What is a viola d’amore?

The viola d’amore is a member of the viol family, having the shape of a viol, a flat back and no protruding edges. It has usually 6 or 7 bowed (or plucked) strings and 6 or 7 sympathetic or resonating strings (or sometimes none) below the fingerboard which colour the sound and can give a glow to chords. Since the bowed strings are usually tuned as a chord, they may be plucked while a melody is bowed. As a member of the viol family it is unusual in being played horizontally like a violin. The strings may be tuned according to the music played, and its range of sounds is enormous in its variety.

It is an instrument packed with symbols. As the viola of love, d’amore, its peg-box is often crowned with a blind Cupid. It is, however, sometimes seen as the viola da more, of the Moors, since its extra sympathetic strings may have been inspired by Asian instruments brought by traders. The sound-holes are in the shape of the flaming sword, described as defending the Garden of Eden after the expulsion of Adam and Eve. The shape of the flaming sword has been likened to an image of a figure rising to heaven consumed by fire. Yet another symbol is a rose often carved into the front of the instrument.

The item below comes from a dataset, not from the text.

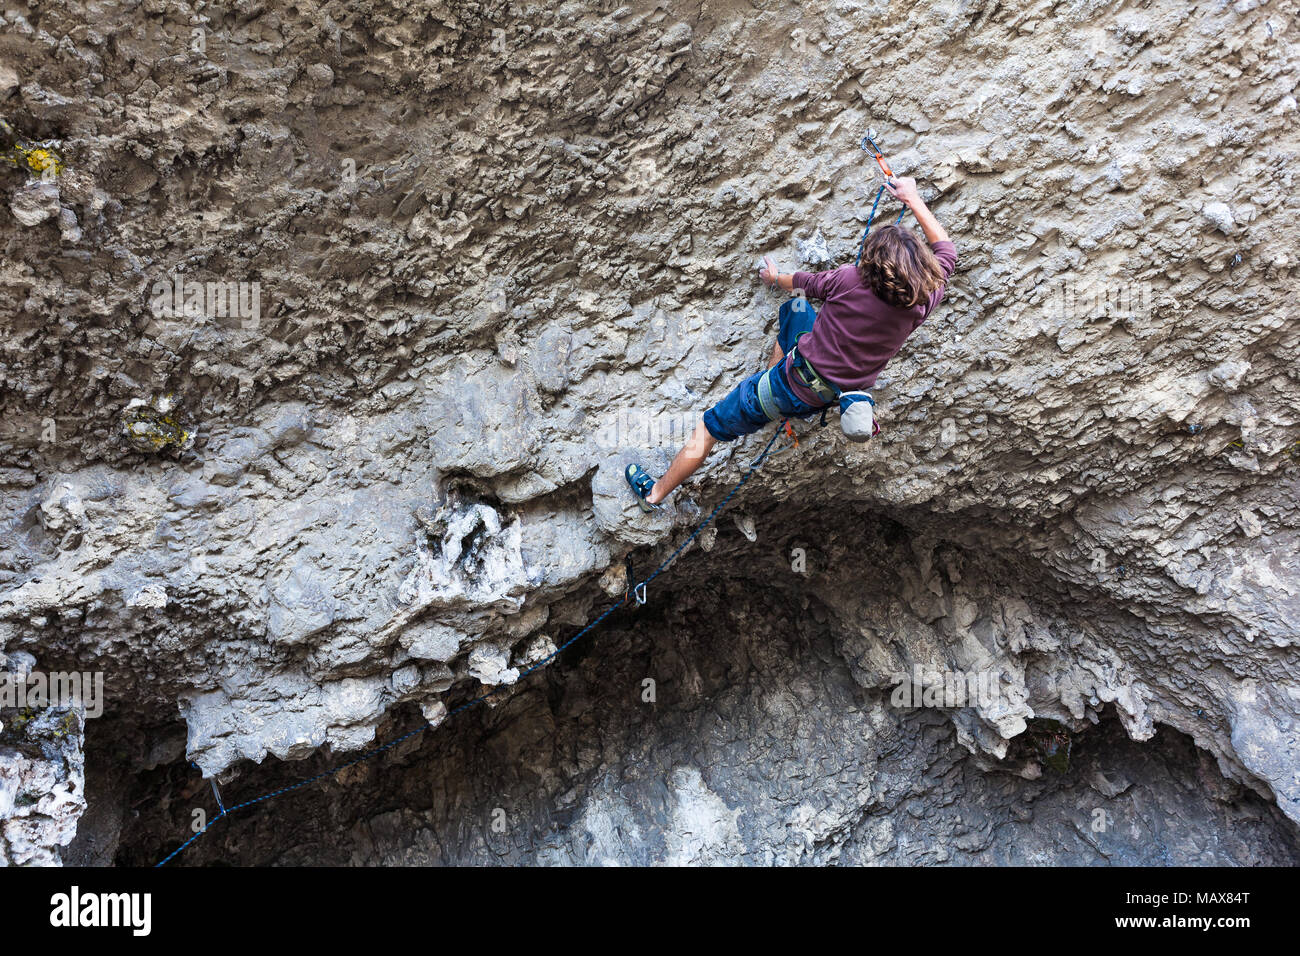 Young climber climbing the rock walls of a cave, Ecuador Stock Photo

The viola d’amore was loved and played all over central Europe from the time of Bach until the time of Mozart, when music became more chromatic, and has been of special interest ever since. It is difficult but enchanting to play.

Because it has so many strings, the viola d’amore has a wide range of pitch, and the music often contrasts high and low notes. The arching of the bridge has to be fairly shallow, so it is often easier to play a chord than just one string. As these strings are usually tuned as a chord, the player can pluck a chord with the left hand while bowing a tune. Because of all these strings, the left hand can get lost among them, as can the bow!

In Bach’s days the strings were often tuned as a chord of C minor, but D major or minor were prevalent later. Henri Casadesus ingeniously composed his 24 delightful Preludes for an instrument tuned in a chord of D major, but each Prelude is in a different key.

The sound of the viola d’amore can be of ringing chords, reinforced by the sympathetic strings, or it can be of a veiled mysticism chosen by Bach for his St John Passion.

I’ve known an instrument collapse slowly because of the tension of all those strings!